"Неуемный бубен" - читать интересную книгу автора (Ремизов Алексей Михайлович)

ГЛАВА ЧЕТВЕРТАЯ

Замечательный человек Иван Семенович, и всехсвятского дьякона дом, где протекают его тихие, одинокие дни, особенный.

Дом небольшой, – две низенькие комнаты и кухня, и везде лампадки: в кухне лампадка, в спальне лампадка, а в гостиной две – в обоих передних углах. Иван Семенович сам любит зажигать лампадки, Агапевне не доверяет – старая, руки у нее трясутся и за что ни возьмется, все из рук валится, и только в постные дни, в середу и пятницу, когда, по примеру Агапевны, употребляет Иван Семенович натощак святое маслецо, дозволяется ей вскарабкаться на табуретку и взять ложечку из лампадки.

Как пройдешь сени, если, конечно, за сундуки не зацепишься и шею не свернешь, будет кухня: налево шкап, против шкапа русская печь с розовою занавескою, направо, у окна, залавок, посреди дверь в спальню. И везде, по всем углам, у печки, за шкапом, у залавка черствые хлебные корки сложены. Зачем понадобилось Агапевне черствые корки копить, Бог ее знает.

Беда с Агапевною! А ведь как старается старая, из кожи лезет, из последних своих клячных сил трудится, лишь бы только угодить своему соколу – Ивану Семеновичу: ходит за ним, как за малым дитем, и чтобы сердце его не уныло, охотно сказала бы сказку, да память плоха – годы отшибли, и песню бы спела, да голосу нету, и что хочешь, – проплясала бы, заплела бы плетень, завилась бы вьюном, вывернулась, да старые кости – ноги не слушают, все бы вынесла – грубое слово, только бы из его сахарных уст, нелюбый взгляд, только бы из его светлых глаз, приняла бы напрасную смерть, только бы от его белых рук, а помрет Стратилатов, так она к нему, к покойнику, как к мощам, приложится, и не тление, благоухание от его смрадного трупа послышится ей и, кто знает, исцеление себе получит, да и другому недужному здоровье вымолит. Ей-Богу, заставь Иван Семенович Агапевну по-собачьему лаять либо петухом петь, не заперечит: взвизгнет, залает шавкою, петухом прокричит, но от этого ничуть не легче. Беда с Агапевною!
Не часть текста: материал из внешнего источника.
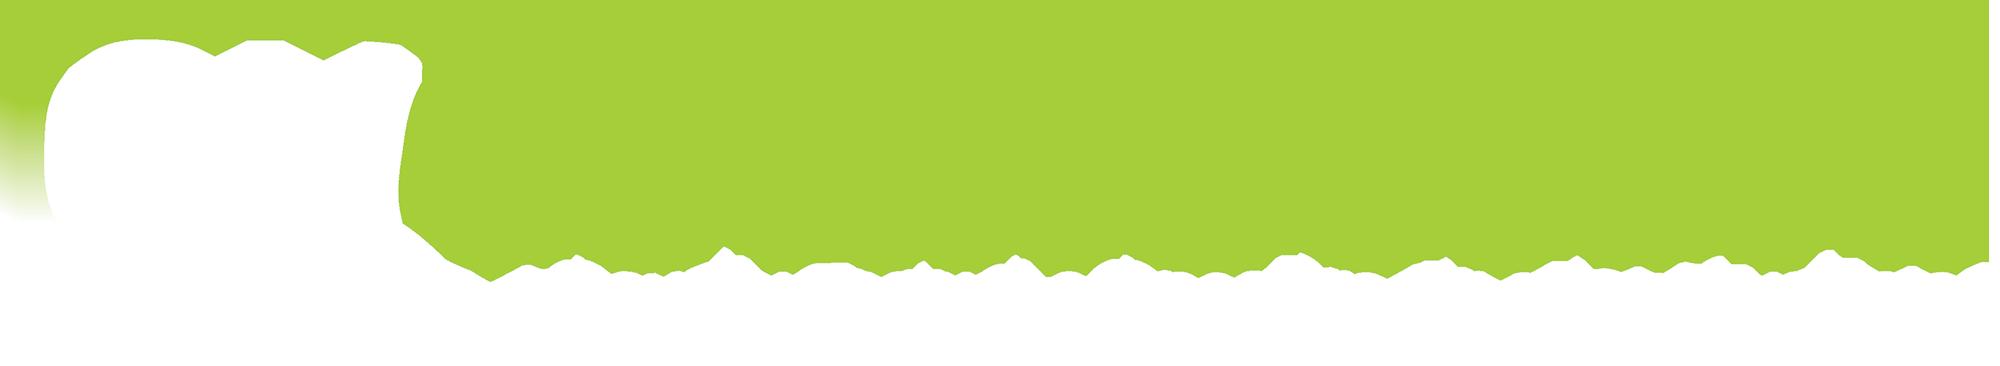 Ev Connectors Promo Codes

В прежнее-то время старуха и пироги пекла, а нынче ослабла, ничего не может: того недоглядит, другое упустит, третье недосмотрит, только мышей разводит.

Хорошо еще, что Иван Семенович невзыскателен – ему одно: побольше чтобы всего было да понаваристее, а таракан ли во щах плавает или лавровый лист, это ему все равно, да еще хорошо, что строгий он постник, все четыре поста соблюдает: и Великий пост, и Петров, и Госпожинки, и Филипповки, все двенадцать пятниц, и в среду, и в пятницу, и даже понедельничает.

– Вот, старуха, – скажет другой раз Иван Семенович, – мало ты делаешь, а ведь хлеб-то ешь.

– Так, батюшка.

– Много ты ешь хлеба.

– Так, батюшка.

– Чаю пьешь много.

– Так, батюшка.

– Ты хоть бы таз вычистила.

– Хорошо, батюшка.

В жаркие дни, перед обедом, не столько от жары, сколько для удовольствия, Стратилатов обливался колодезного водою около грядок; грядки против кухонного окна, в церковной ограде, там же и колодезь.

Раздевшись в кухне весь донага и запасшись соленым огурцом, Иван Семенович вылезает в окно и, обойдя грядки, становится под ракитою. Агапевна с тазом вскарабкивается на табуретку, и начинается омовение. И во все время, пока бежит вода на его распаренную, смазанную деревянным маслом, румяную плешь, ест Иван Семенович соленый огурец, веруя, что с его помощью не прильет кровь к голове и солнца бояться нечего.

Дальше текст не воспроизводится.